» **Supplied material**:
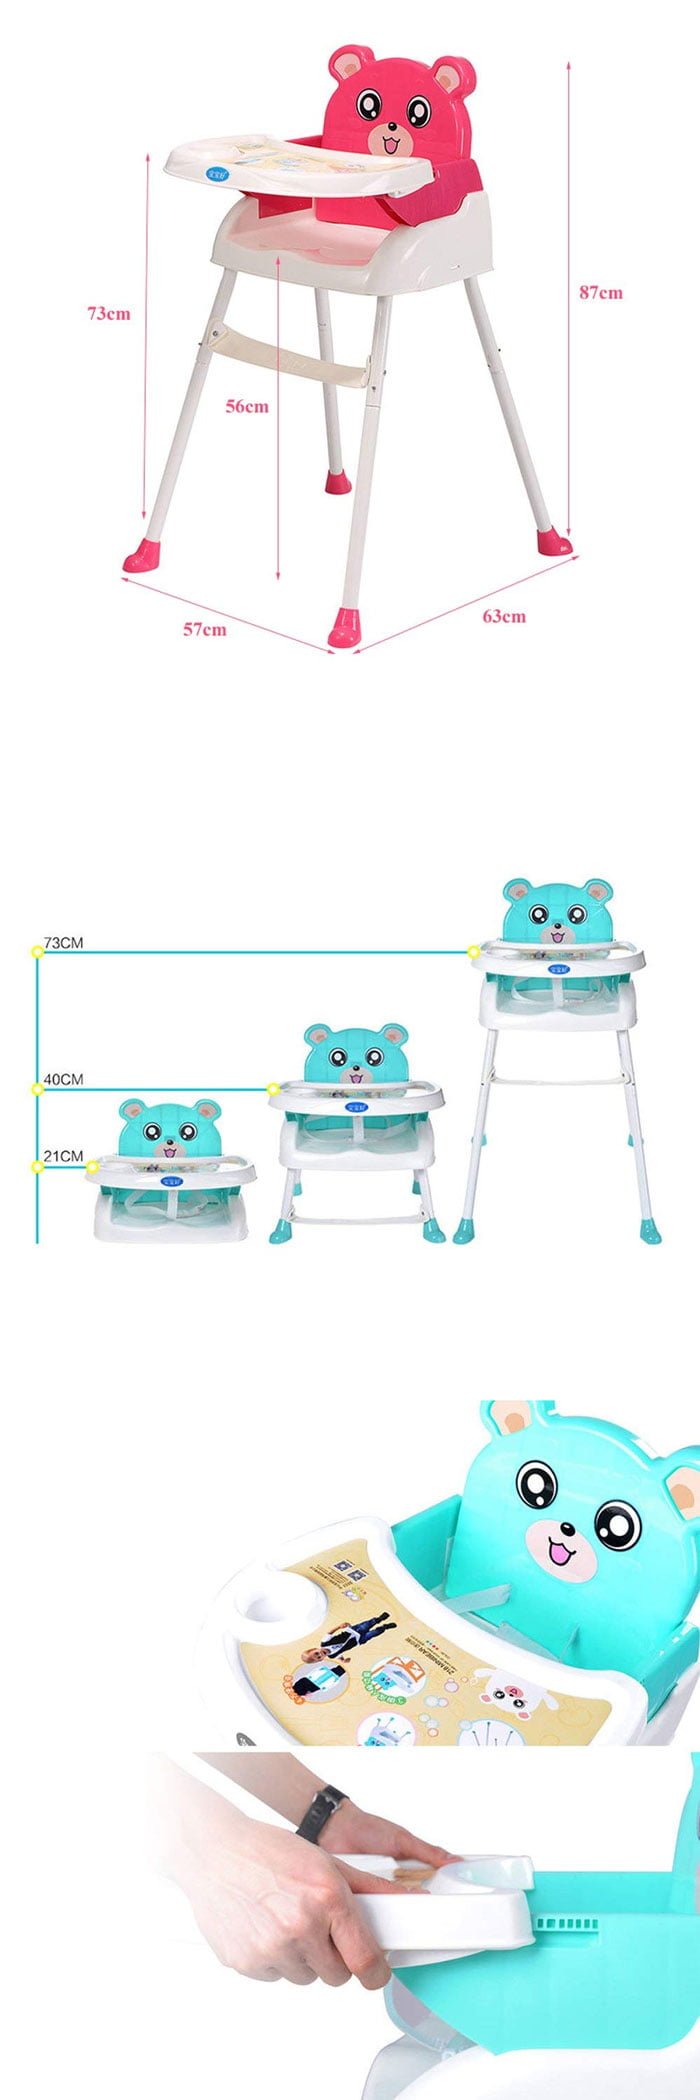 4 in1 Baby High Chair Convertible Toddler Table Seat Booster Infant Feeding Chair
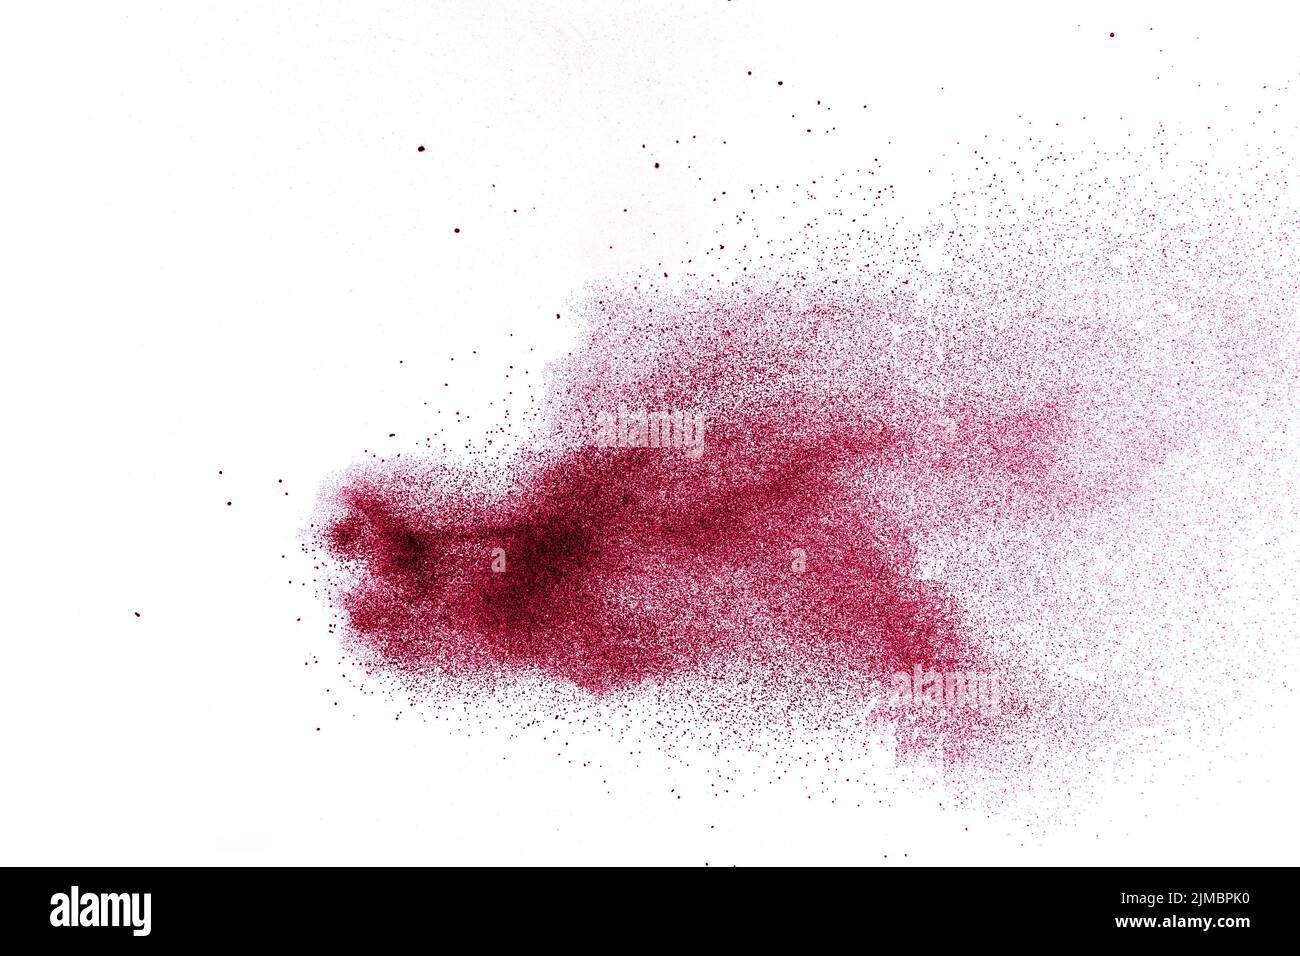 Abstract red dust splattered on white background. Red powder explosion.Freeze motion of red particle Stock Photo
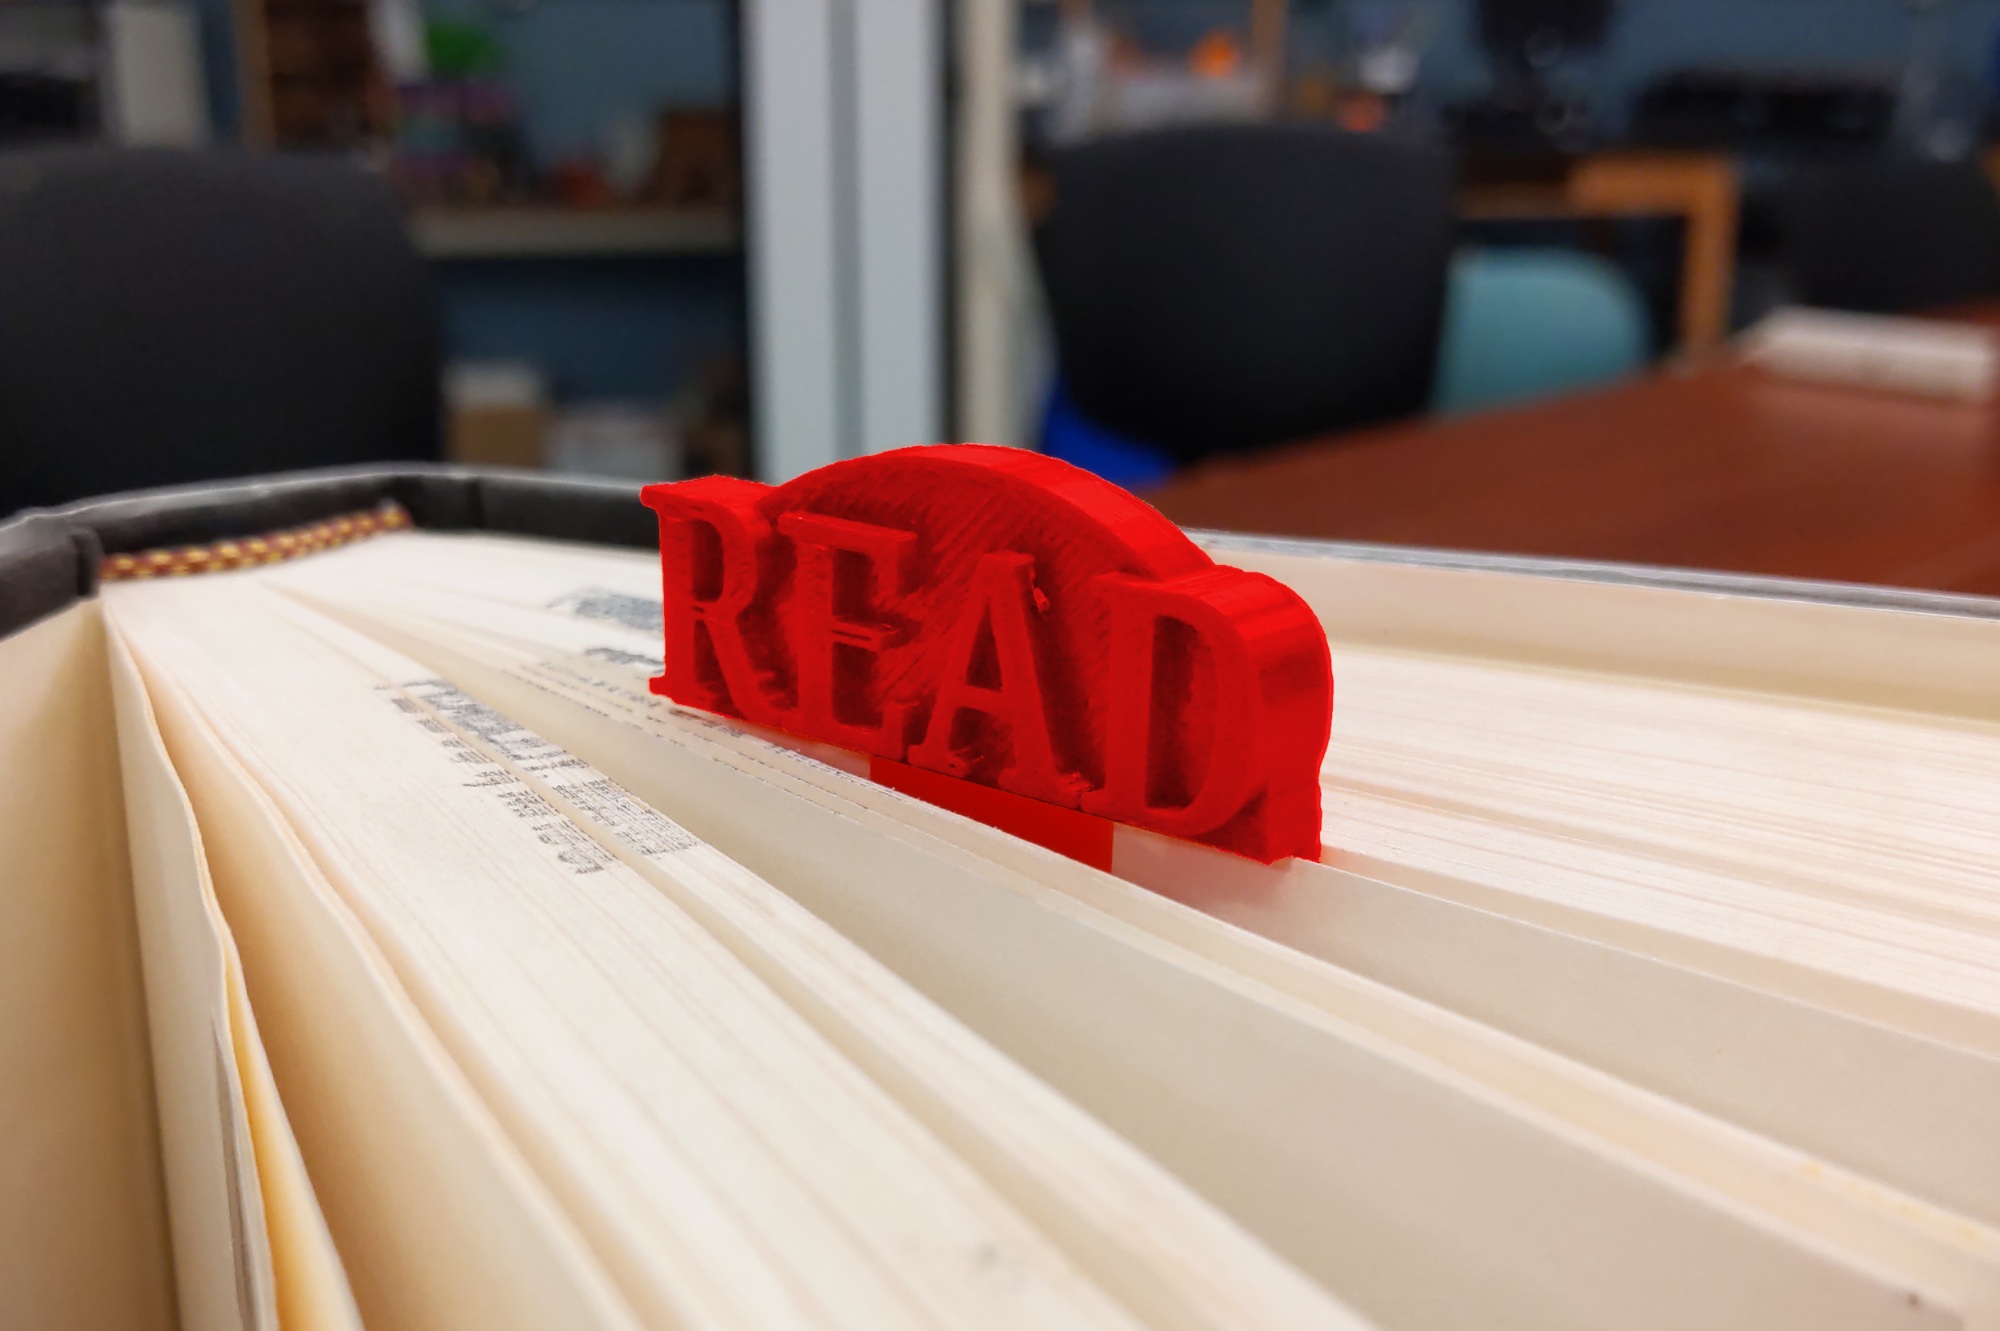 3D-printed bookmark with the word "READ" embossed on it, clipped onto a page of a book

» **What this task involves**: Please output the listing above in full, exactly as given, without its images.

» **Reply to the exercise**:
 4 in1 Baby High Chair Convertible Toddler Table Seat Booster Infant Feeding Chair
 Abstract red dust splattered on white background. Red powder explosion.Freeze motion of red particle Stock Photo
 3D-printed bookmark with the word "READ" embossed on it, clipped onto a page of a book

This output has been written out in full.